Recorded data Start Marker
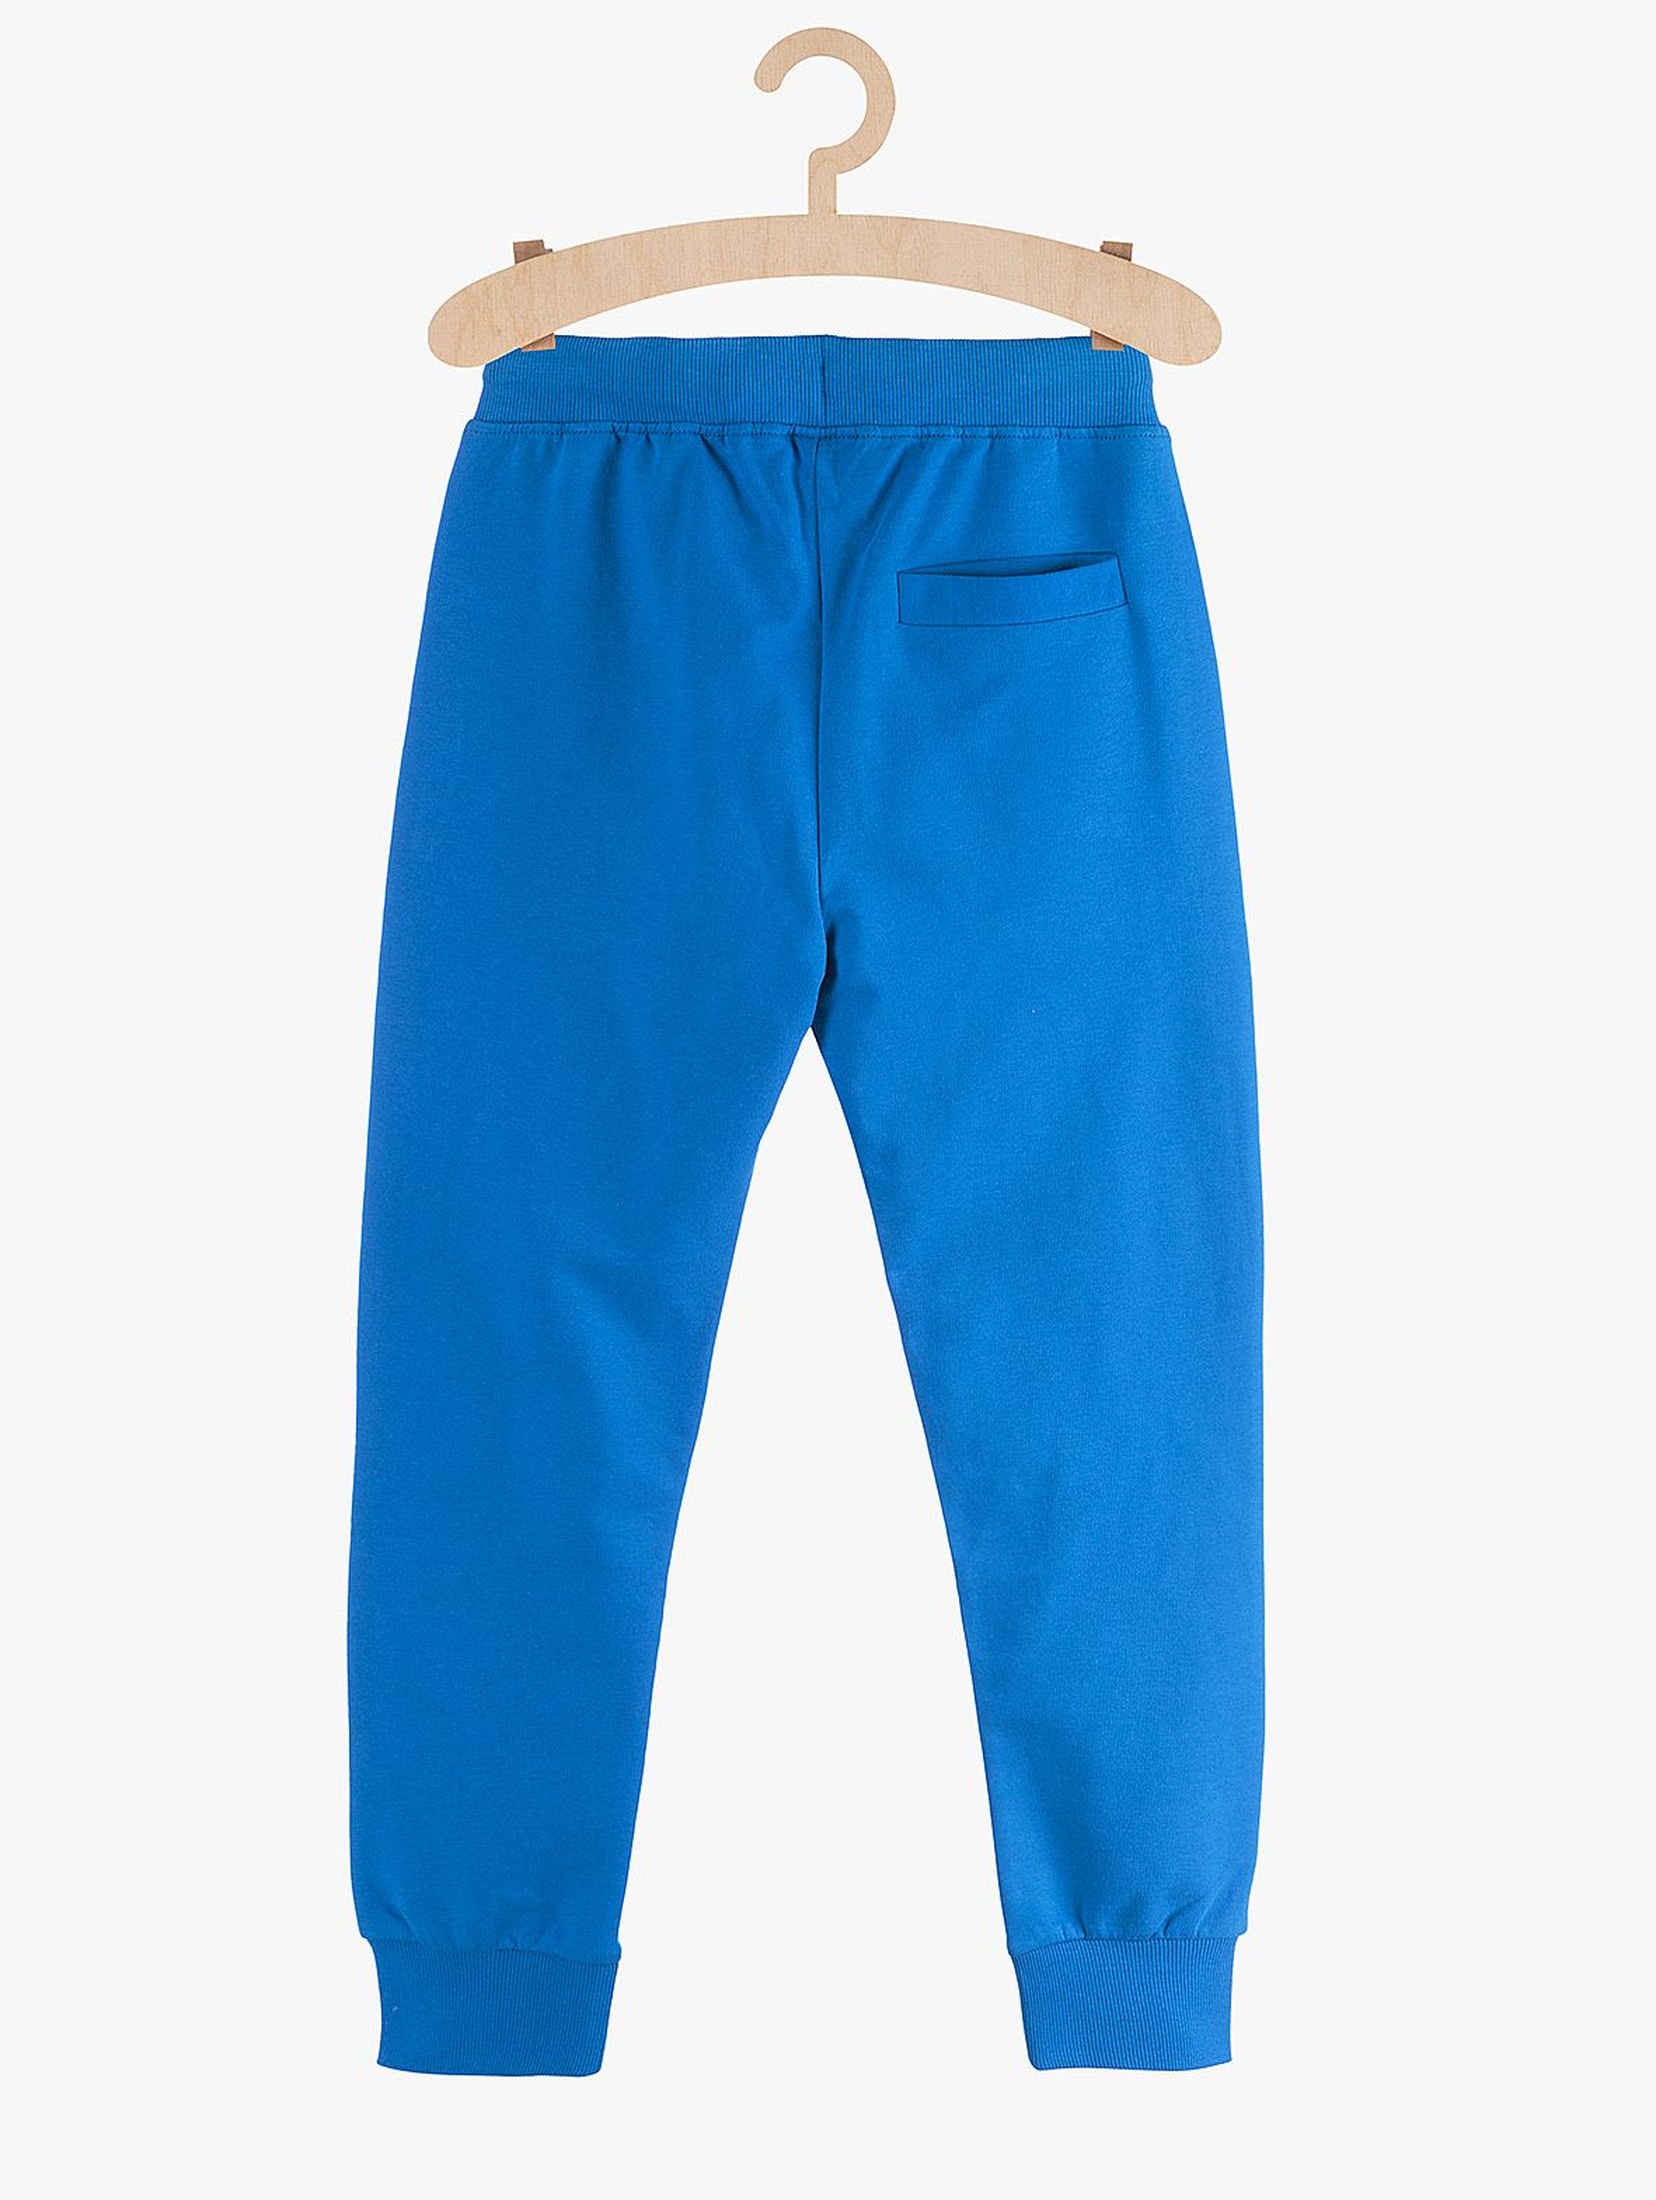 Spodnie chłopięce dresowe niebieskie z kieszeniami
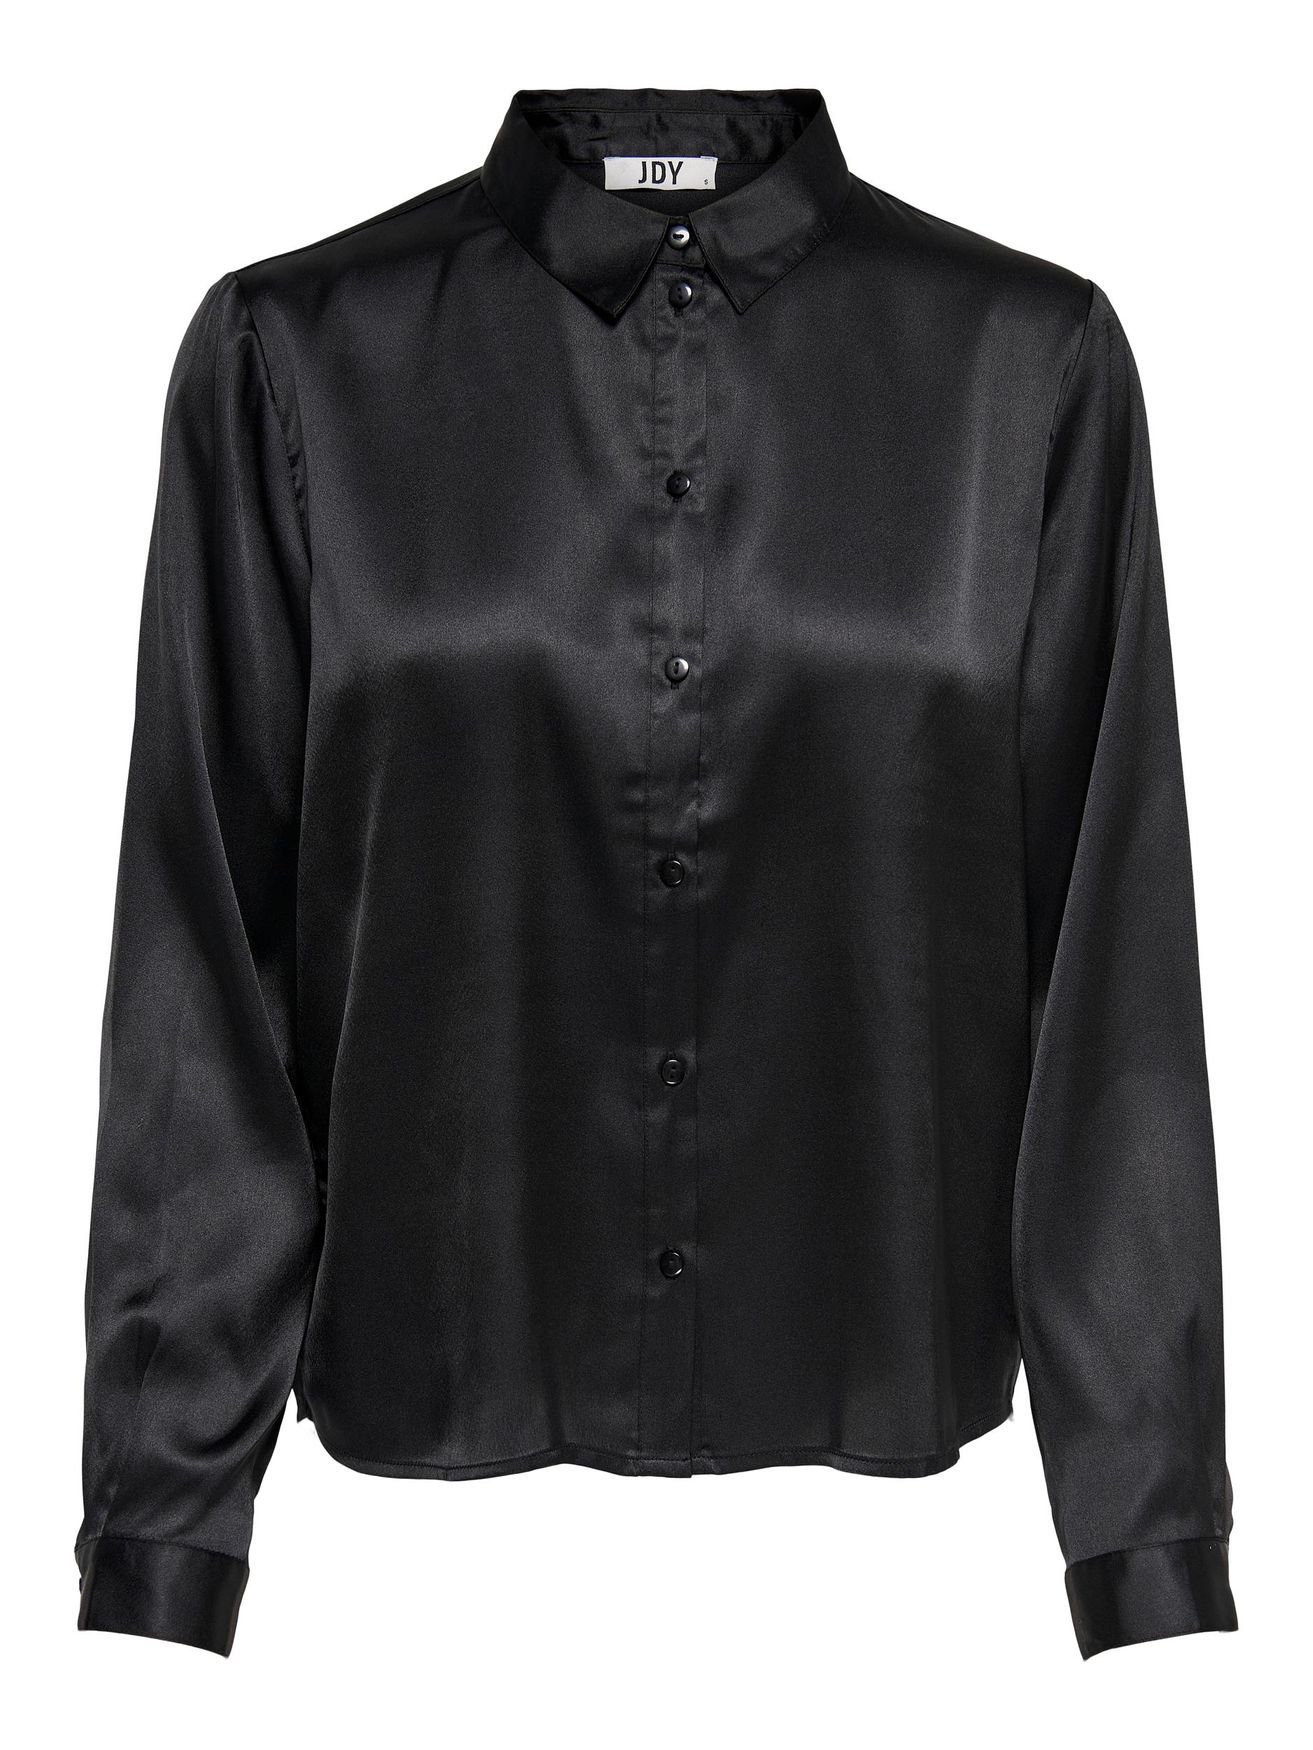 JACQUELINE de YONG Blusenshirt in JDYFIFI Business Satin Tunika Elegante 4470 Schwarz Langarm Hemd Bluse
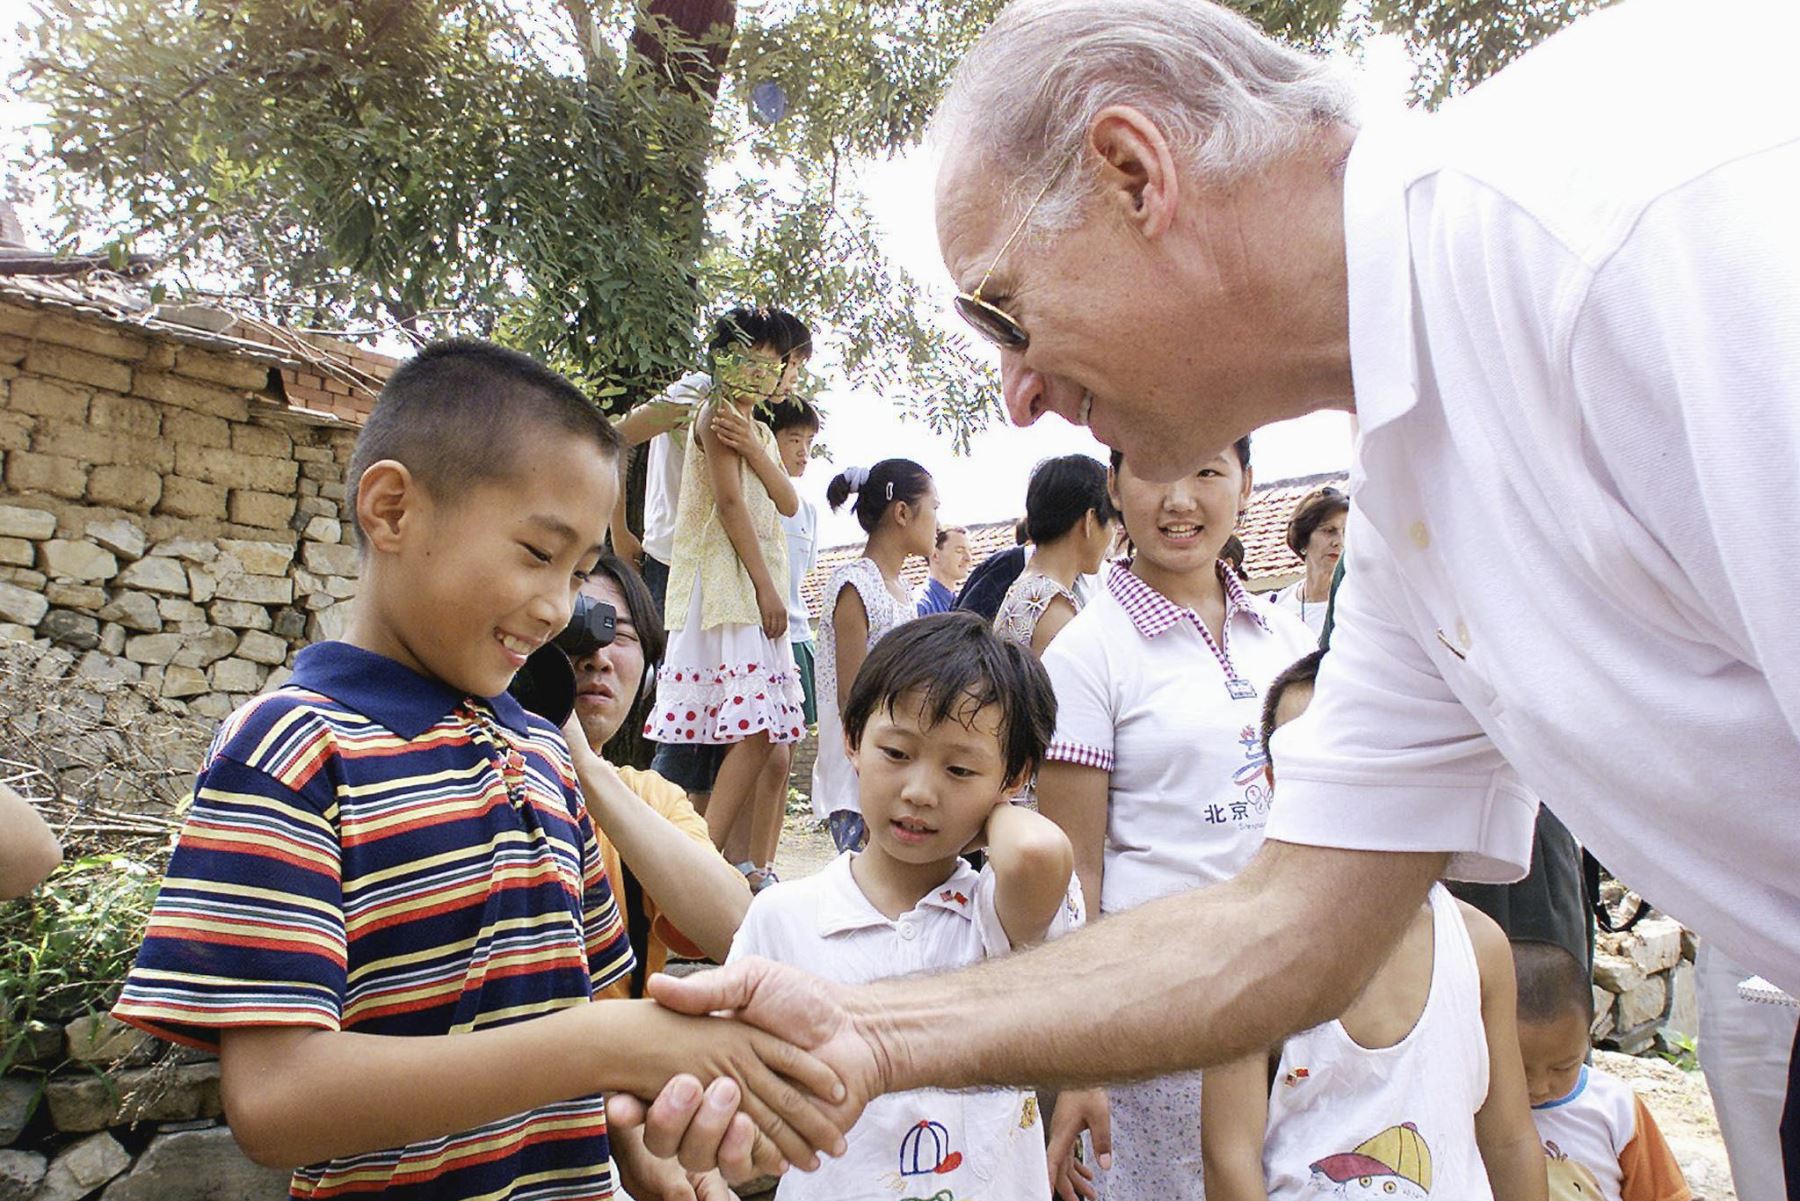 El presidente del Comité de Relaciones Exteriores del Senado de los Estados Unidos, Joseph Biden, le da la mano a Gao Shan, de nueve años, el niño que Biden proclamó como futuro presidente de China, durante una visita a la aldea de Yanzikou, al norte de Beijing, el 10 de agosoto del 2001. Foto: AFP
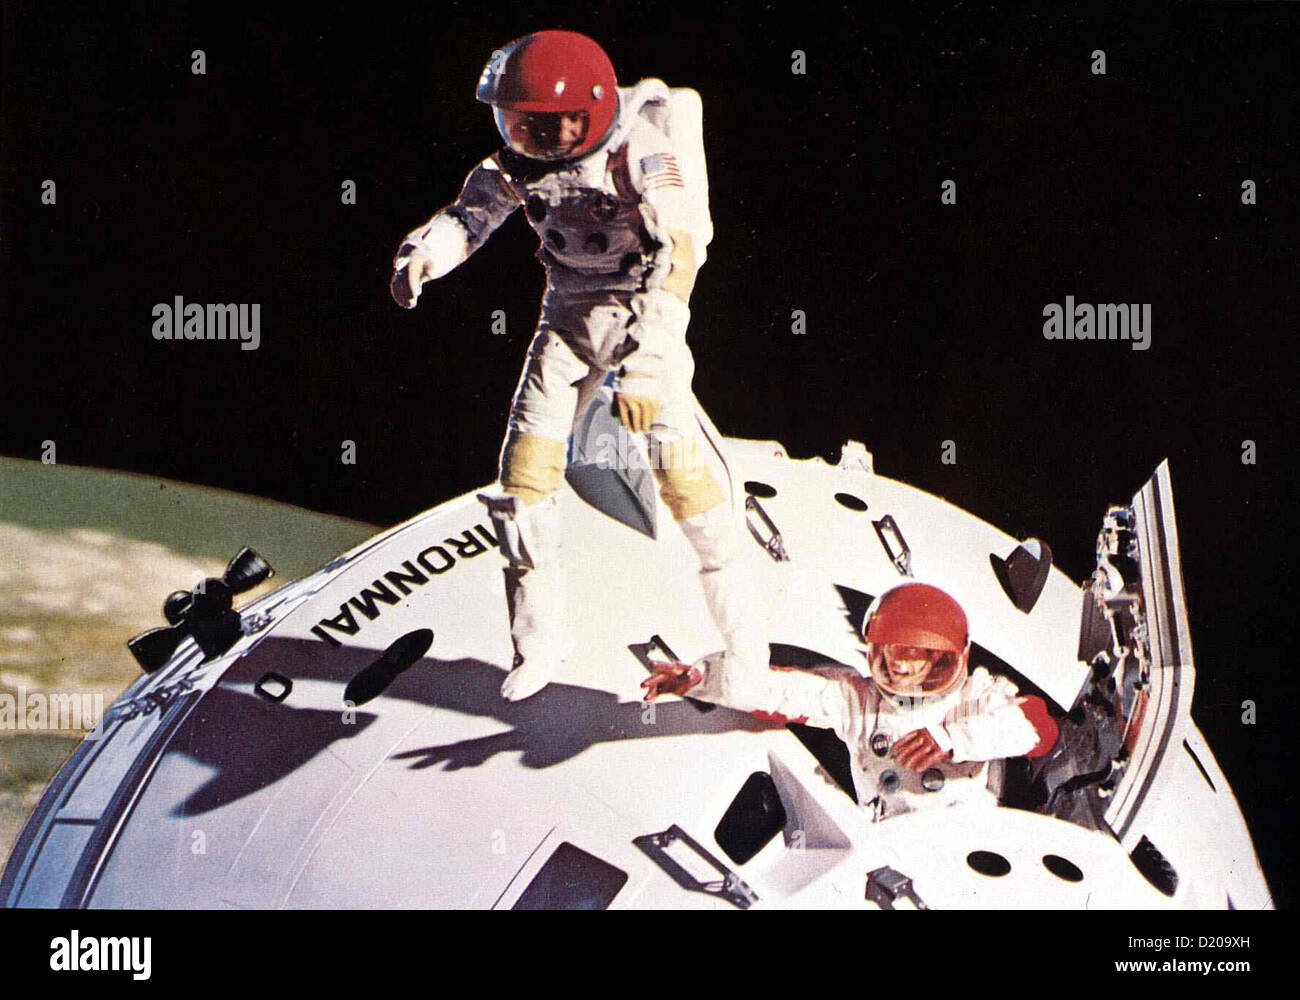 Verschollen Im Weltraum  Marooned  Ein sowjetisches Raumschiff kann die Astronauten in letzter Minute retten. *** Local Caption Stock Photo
Recorded data End Marker
## Task objective
Nothing but the lines from the line containing "El presidente del" through the last line of the listing above should appear, output exactly, with no pictures.

## Written reply
 El presidente del Comité de Relaciones Exteriores del Senado de los Estados Unidos, Joseph Biden, le da la mano a Gao Shan, de nueve años, el niño que Biden proclamó como futuro presidente de China, durante una visita a la aldea de Yanzikou, al norte de Beijing, el 10 de agosoto del 2001. Foto: AFP
 Verschollen Im Weltraum  Marooned  Ein sowjetisches Raumschiff kann die Astronauten in letzter Minute retten. *** Local Caption Stock Photo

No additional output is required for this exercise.